Failure will happen, so you must accept that fact and be resilient. That doesn't just mean improving software systems to be more fault-tolerant. It requires redesigning business processes to be more reactive, so the software can behave accordingly. Bernd Ruecker made these points during his presentation at QCon London, Moving Beyond Request-Reply: How Smart APIs are Different. The full video and transcript are now available on InfoQ.
Ruecker gave examples of some common ways to handle failures, such as showing an error message to a user, and explained why they create unsatisfactory customer experiences. When he was unable to print an airline boarding pass, the error message said to try again later. He then had to create a stateful retry machine: he added a reminder to his calendar. A much better solution would be to have the stateful retry within the system, with a corresponding notification to the user, and automatically sending the boarding pass when it was created.
This type of adjustment requires rethinking both the business processes for responding to a failure, and software to implement the new, more complicated processes. In most cases, this involves some form of durable state machine, such as a workflow engine, which can be long-running and able to implement retries. He also said to make processes idempotent whenever possible, because that allows you to safely retry without side effects.
All distributed systems introduce complexity that must be managed, which leads to what Ruecker called "smart APIs." Being able to implement long-running services is essential for smart APIs. Because typical request/reply APIs are not stateful, Ruecker (citing Sam Newman) proposed supplementing them with "a few smart, god services that tell anemic services what to do."
The smart endpoints are long-running, and therefore being able to implement long-running services is essential for business reasons, not just for technical reasons. This brings with it a requirement for asynchronous communication, which again introduces complexity. Ruecker pointed out some of the major weaknesses of async communication: Latency creep; availability erosion; it's hard to implement; and you still have to think about UX.
One typical pattern is to simulate synchronicity by waiting and using callbacks or polling, but this is not a silver bullet.
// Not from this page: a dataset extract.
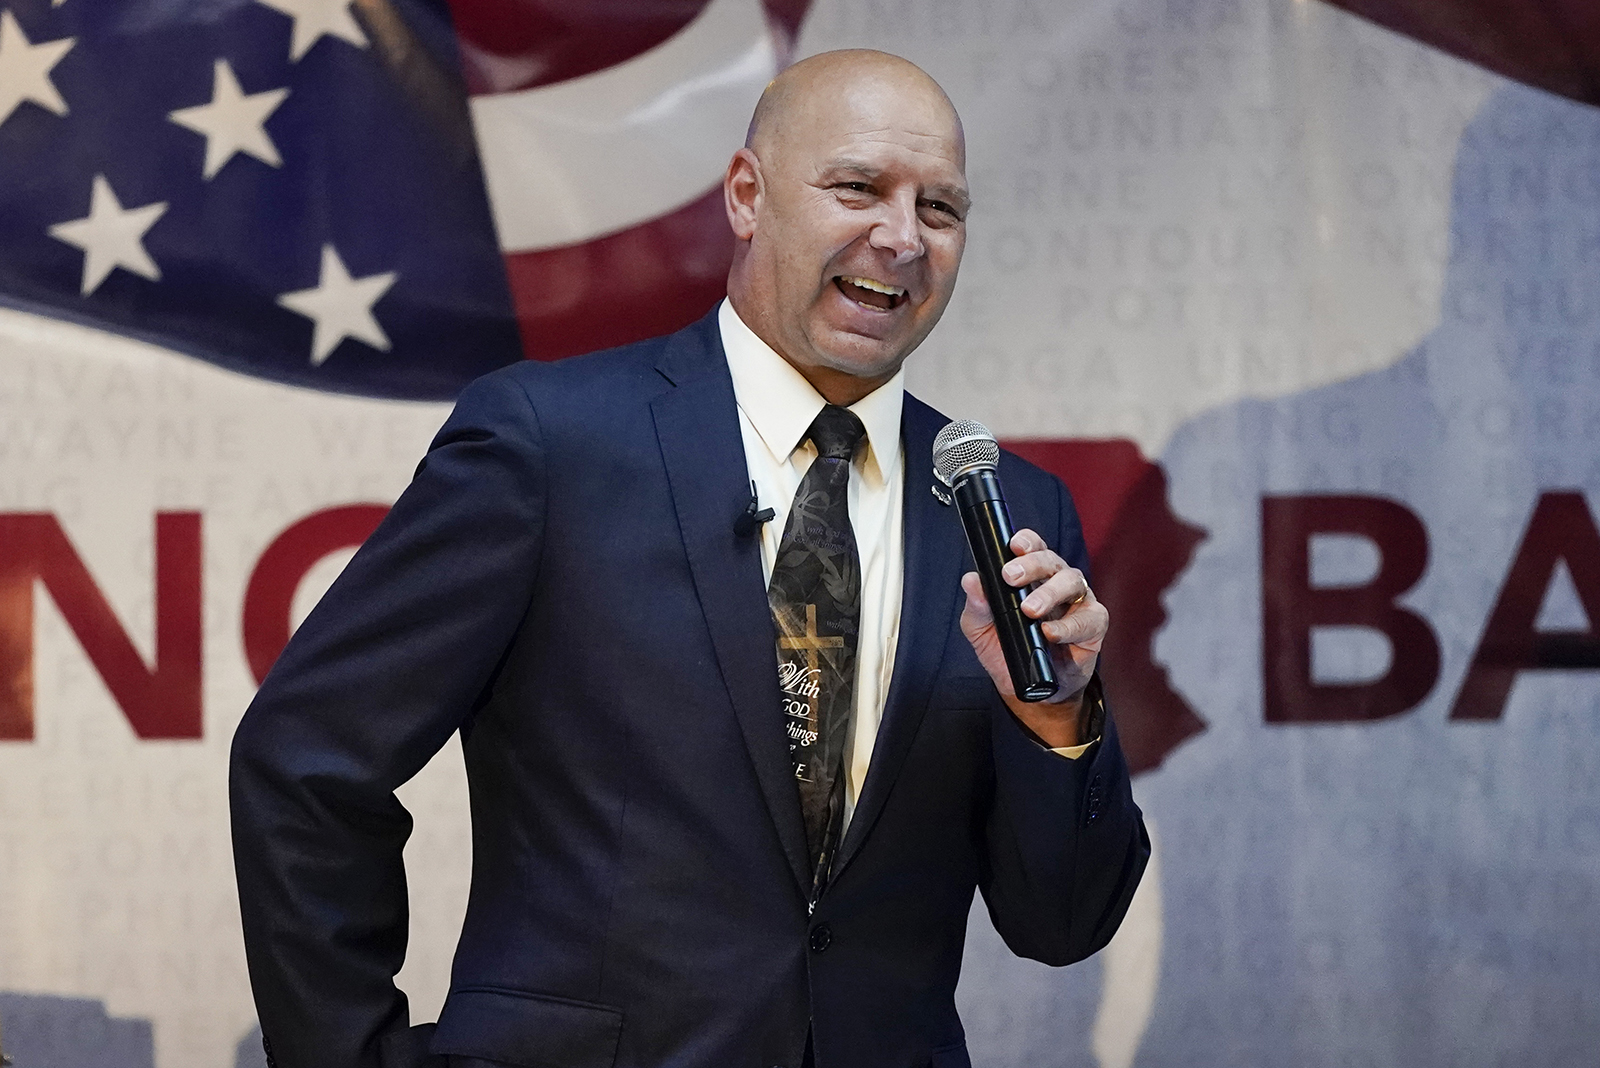 State Sen. Doug Mastriano, R-Franklin, a Republican candidate for governor of Pennsylvania, speaks at a primary night election gathering in Chambersburg, Pennsylvania, May 17, 2022. (AP Photo/Carolyn Kaster)

Because there is no simple technical solution to handling failures, companies must redesign their business processes to be more reactive, then the software design can incorporate the reactive processes.
Ruecker wrapped up his presentation by describing how event-driven architectures (EDAs) are often used in reactive systems, but said they do come with risks which need to be understood. While an EDA is a good pattern for a notification service, it causes problems for peer-to-peer event chains. The actual workflow can't be seen, and changing the workflow means changing multiple services, thereby defeating the purpose of having independent microservices. The right solution requires a balance between orchestration and choreography. He recommended reading Martin Fowler's writing for more advice on event-driven systems.